How long you practice depends where you are with your instrument skills. This is based on my own experience... I started with ca. 30+ min practice. All due to fact I was literally at zero point of my piano journey. Then it changes!!! Once you practice and you are able to play more and more and most of all pieces or simplified pieces you really like then you can stay with your instrument forever  But not all of us enough time. Right? So play! As much as you can.
Oh, even more important is consistency! PLAY EVERY DAY!


----------



## Adam Bodlack

My teacher expected three hours a day - (I didn't often do it though.... I had a live outside of piano) haha.


----------



## Piano4 Life

Some very helpful guidance on how to practice:


----------



## Festus

"... she constantly yells at her when she makes mistakes."
If your wife is getting that upset over and extra curricular activity, I'd hate to think how she reacts to an issue of serious importance!


----------



## Enthalpy

About the same opinions as above:

Yelling is conter-productive. Your daughter will give up at 15, having lost her childhood and youth meanwhile, probably with mental problems more or less visible.
3h/day is too much at age 7. It becomes reasonable at age 12, when the kid itself has decided to become a professional.
Children have a right to have a childhood, and even, a happy childhood. They are not just future adults. And they must learn other skills, especially socialise with other kids, which takes time, and is more important to a career.
Has someone ever seen Heifetz smile?

To put it more brutally: yes, Like2know, go to conflict with your wife, and win. Do that for your daughter.

The original post doesn't give some information:

Shall the daughter become a professional musician? Did she decide that? (And did she tell it sincerely? At least, my violin professor asked me around 12 years, and twice, if I wanted to become a violinist. I meant "No way!" but answered "yes" because I supposed it was the expected answer. My friends would have gotten a more sincere answer.)
What instrument does she learn?
Competition is so incredibly hard at the violin and the piano that even the super-duper-overgifted prodigies that start at 6 and practice >>4h/day between 10 and 22 years have nearly zero chance to become a renown soloist. At best, a career as a second violinist in a more or less known orchestra. More probably, a career as a professor who will have zero professional among his pupils.

The flute and also the clarinet and the trumpet are bad too.

Compare with the bassoon (needs some money), the oboe, the tuba and some others: students start around 12 (often after an other instrument little practised), practice rather <3h/day and at 20 they have chances of being a professional. This looks more like a reasonably risky investment.


----------



## Enthalpy

One more point:

If your daughter isn't extremely over-gifted, she has exactly zero chance of becoming a professional violinist or pianist, whatever practice time she spends.
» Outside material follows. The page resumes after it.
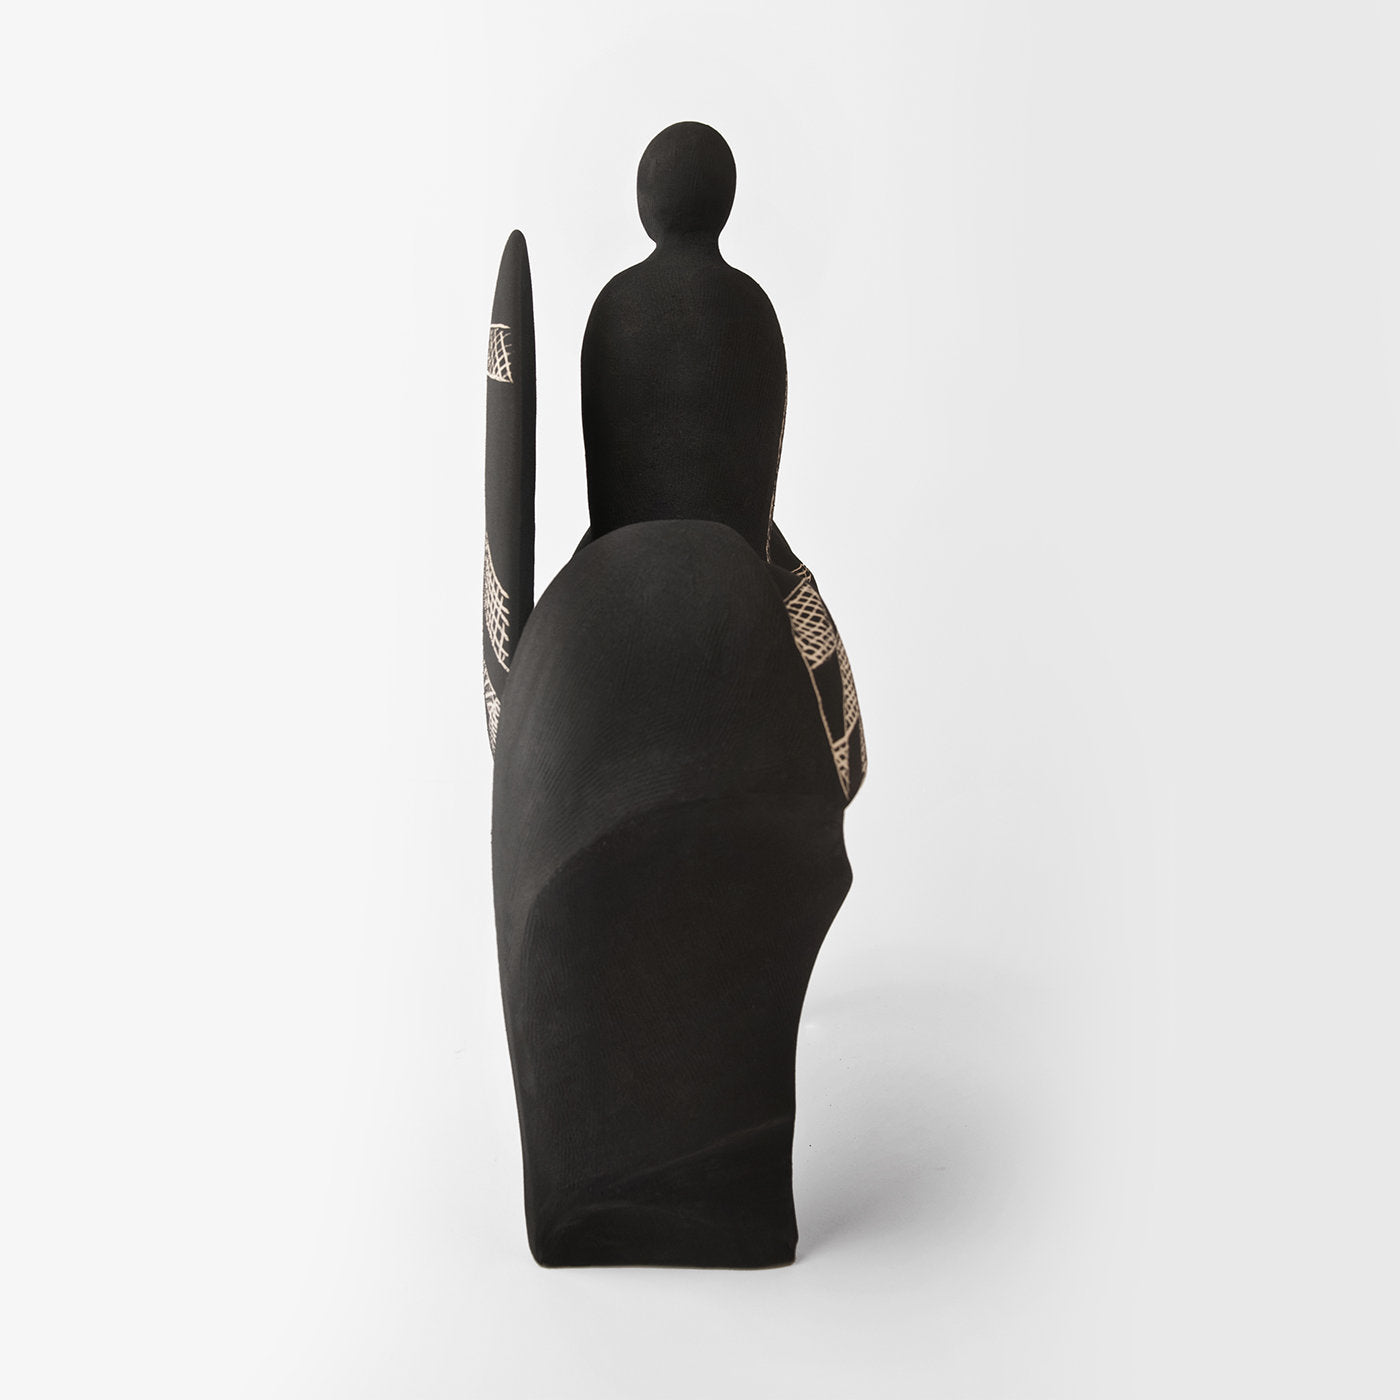 Guerriero Black Sculpture - Alternative view 1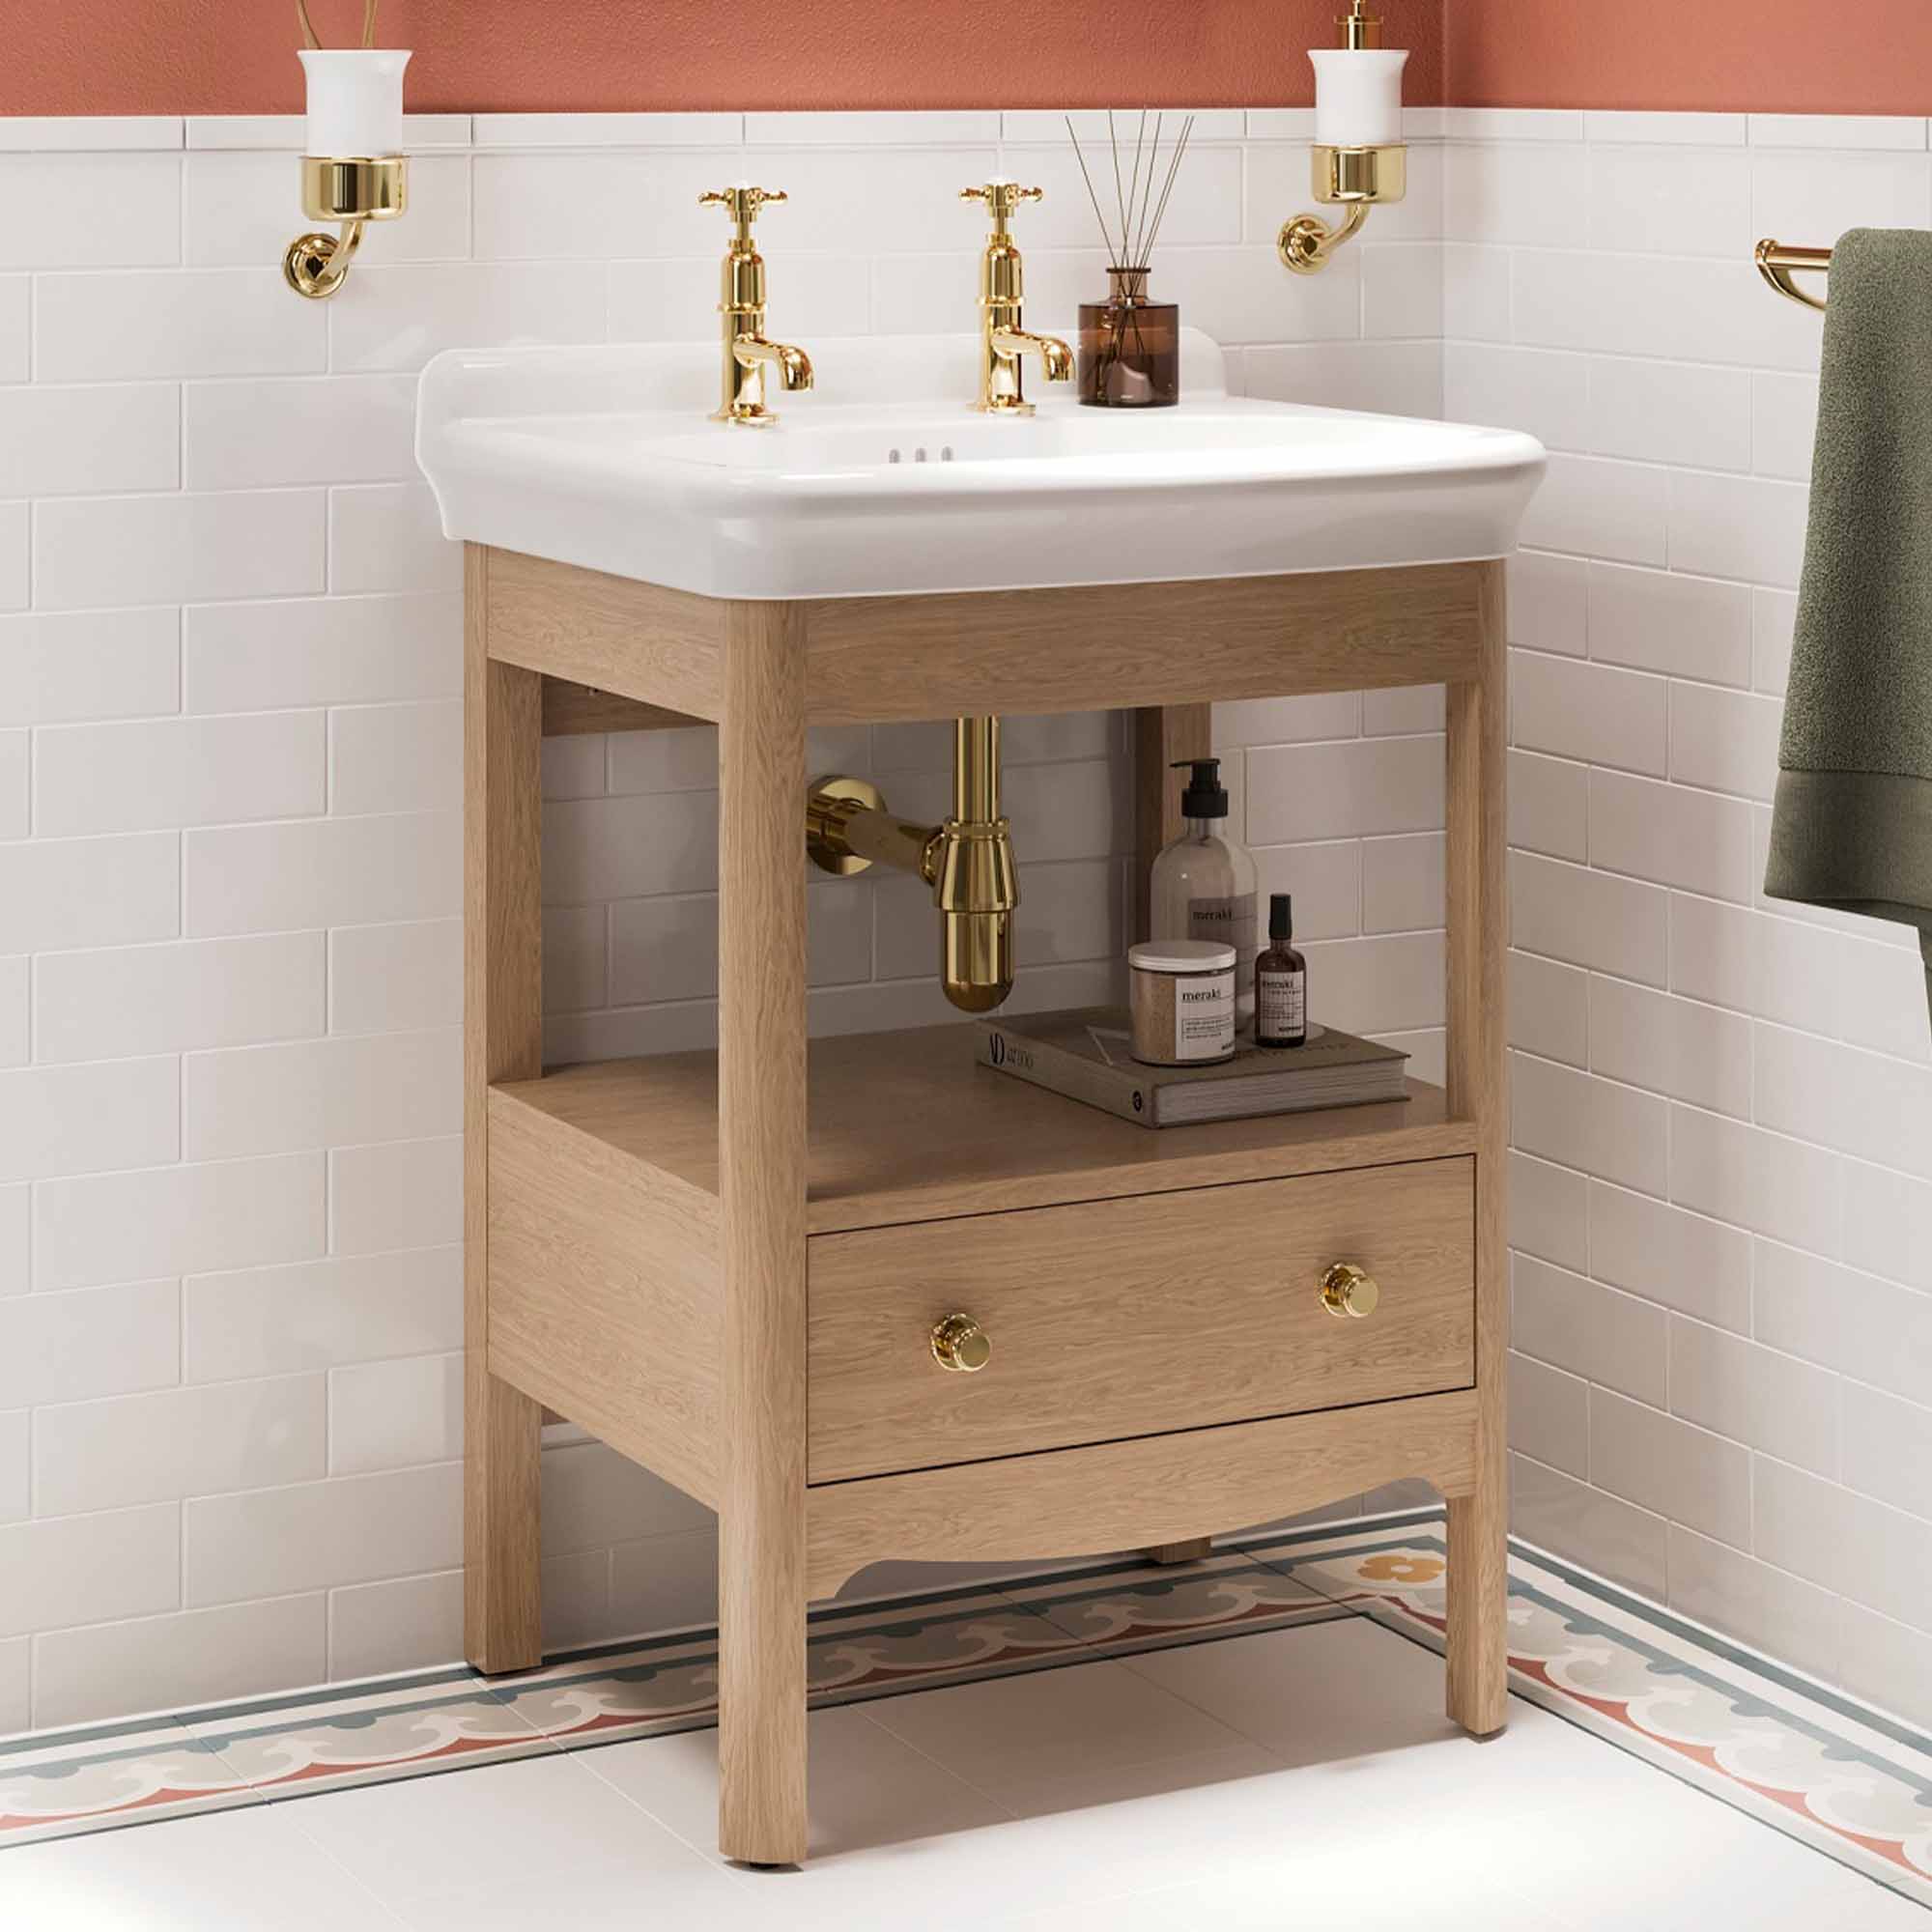 burlington guild 620 floorstanding single drawer vanity unit washbasin light oak

That's strictly unfair, scandalous, outrageous, call it as you want, but it's that way.

Then, the 3 hours a day would be a loss from the first to the last minute. Childhood time is precious.

Problem: the mother, even if she's a musician, is the very last person capable of assessing whether a child is gifted. A professor could, especially if he has already had really gifted pupils. A professor may tell it frankly or not, depending on whether he has too many pupils or not.


----------



## tdc

Enthalpy said:


> One more point:
> 
> If your daughter isn't extremely over-gifted, she has exactly zero chance of becoming a professional violinist or pianist, whatever practice time she spends. That's strictly unfair, scandalous, outrageous, call it as you want, but it's that way.
> 
> Then, the 3 hours a day would be a loss from the first to the last minute. Childhood time is precious.
> 
> Problem: the mother, even if she's a musician, is the very last person capable of assessing whether a child is gifted. A professor could, especially if he has already had really gifted pupils. A professor may tell it frankly or not, depending on whether he has too many pupils or not.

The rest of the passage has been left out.